- _YOUR GOAL_: Copy out the listing that follows, exact in every word, and skip the images.
** Opening RECORDED DATA block **
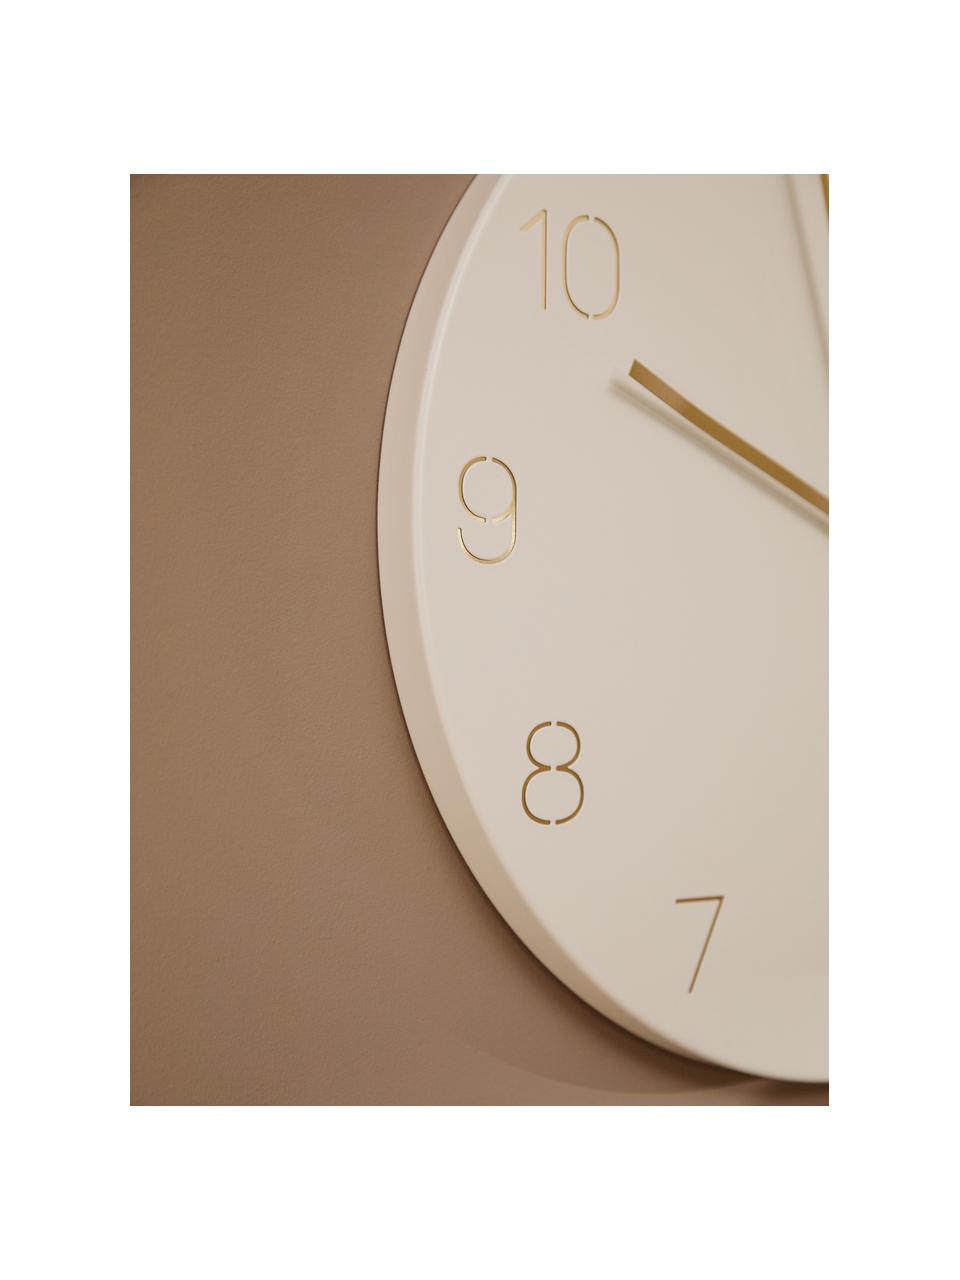 Nástěnné hodiny Charm, Potažený kov, Bílá, Ø 40 cm
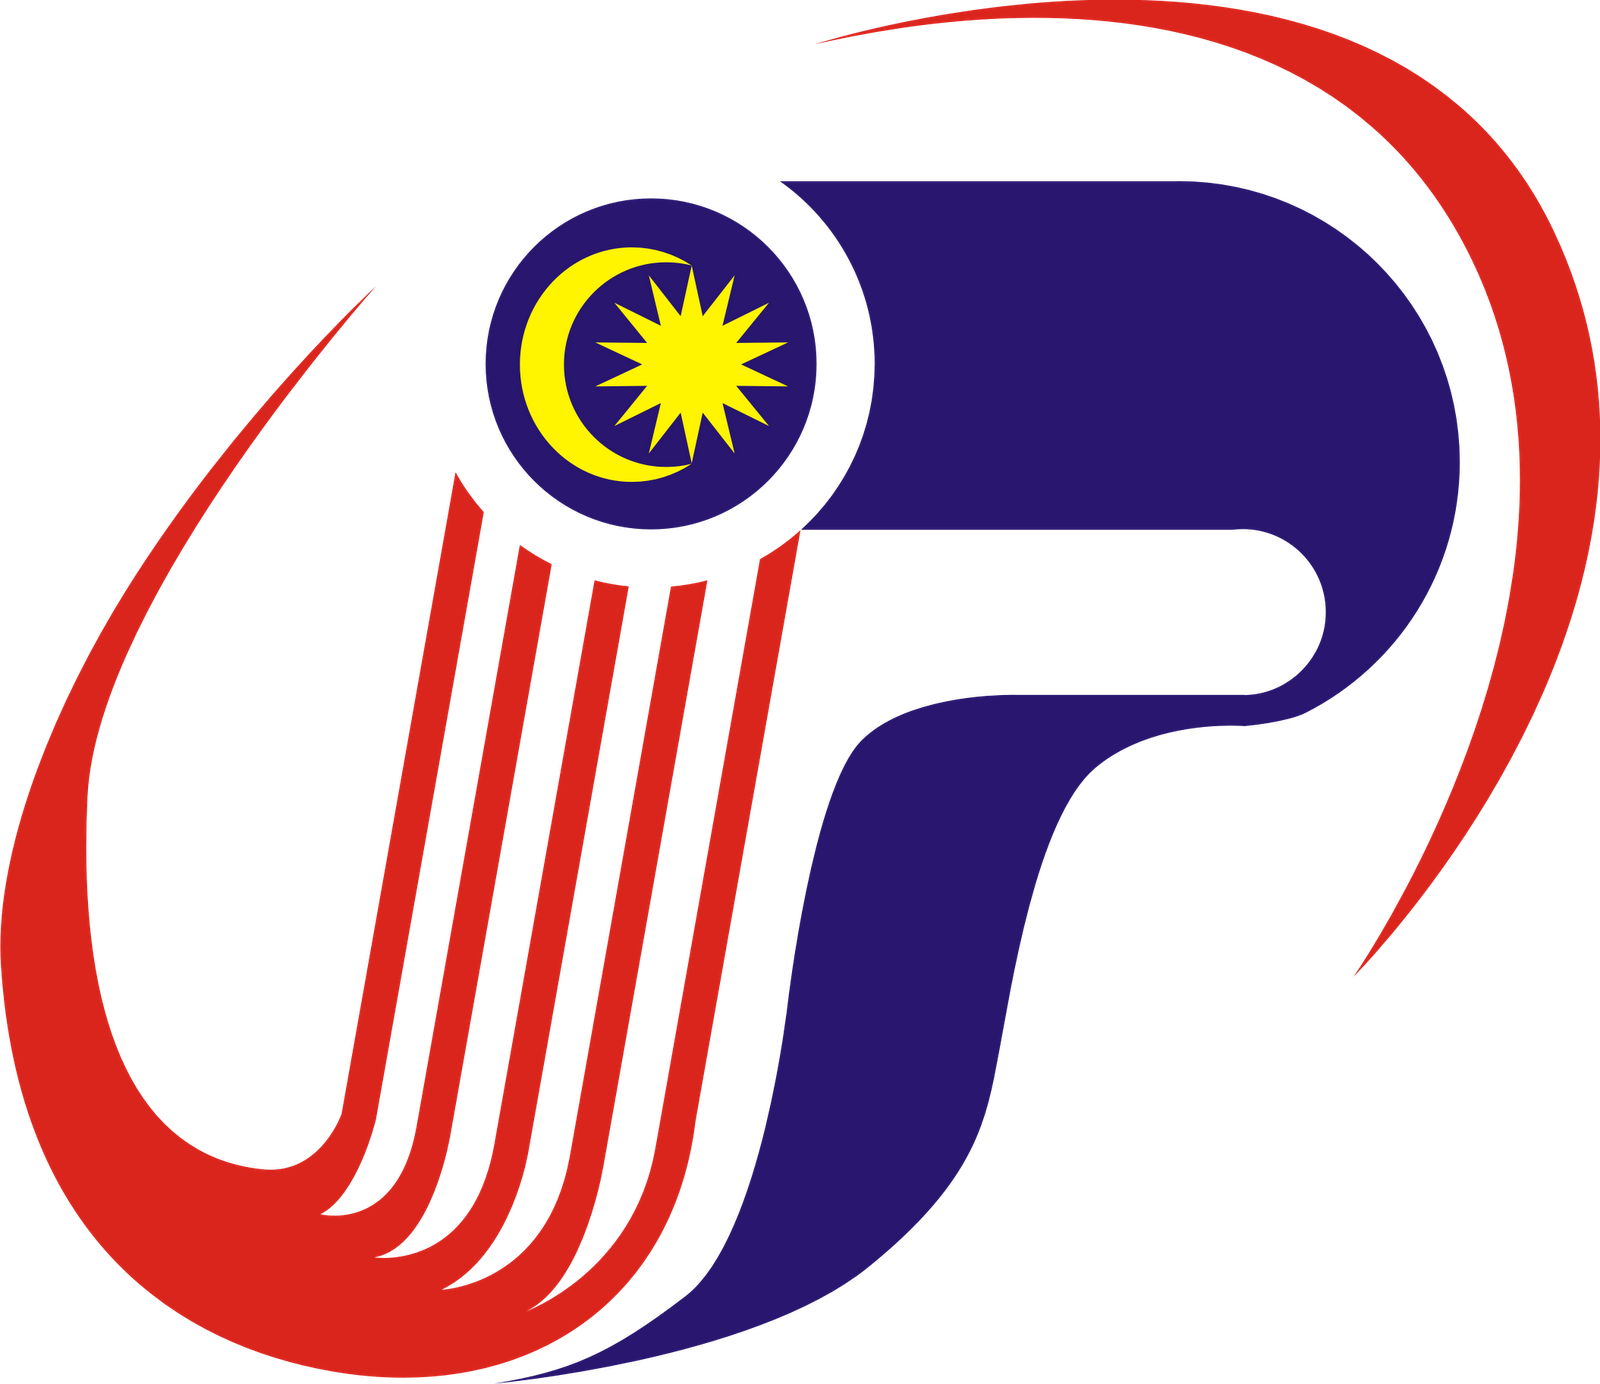 Lambang Pemerintahan di Negara malaysia - Kumpulan Logo ...
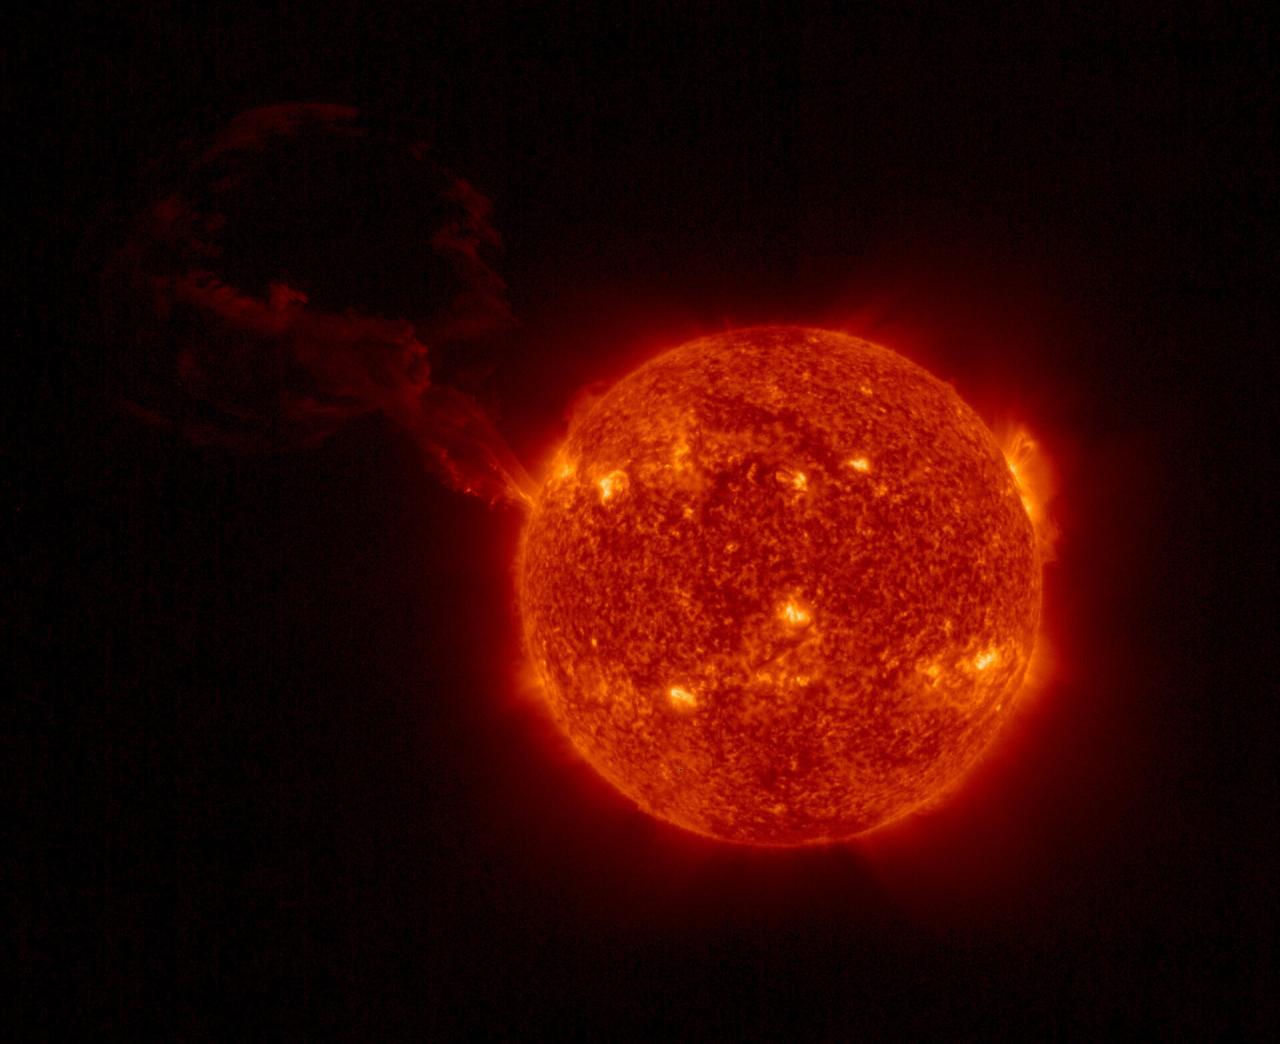 Una enorme erupción solar fue capturada por la nave espacial Solar Orbiter en febrero
** Closing RECORDED DATA block **
- _EXERCISE ANSWER_:
 Nástěnné hodiny Charm, Potažený kov, Bílá, Ø 40 cm
 Lambang Pemerintahan di Negara malaysia - Kumpulan Logo ...
 Una enorme erupción solar fue capturada por la nave espacial Solar Orbiter en febrero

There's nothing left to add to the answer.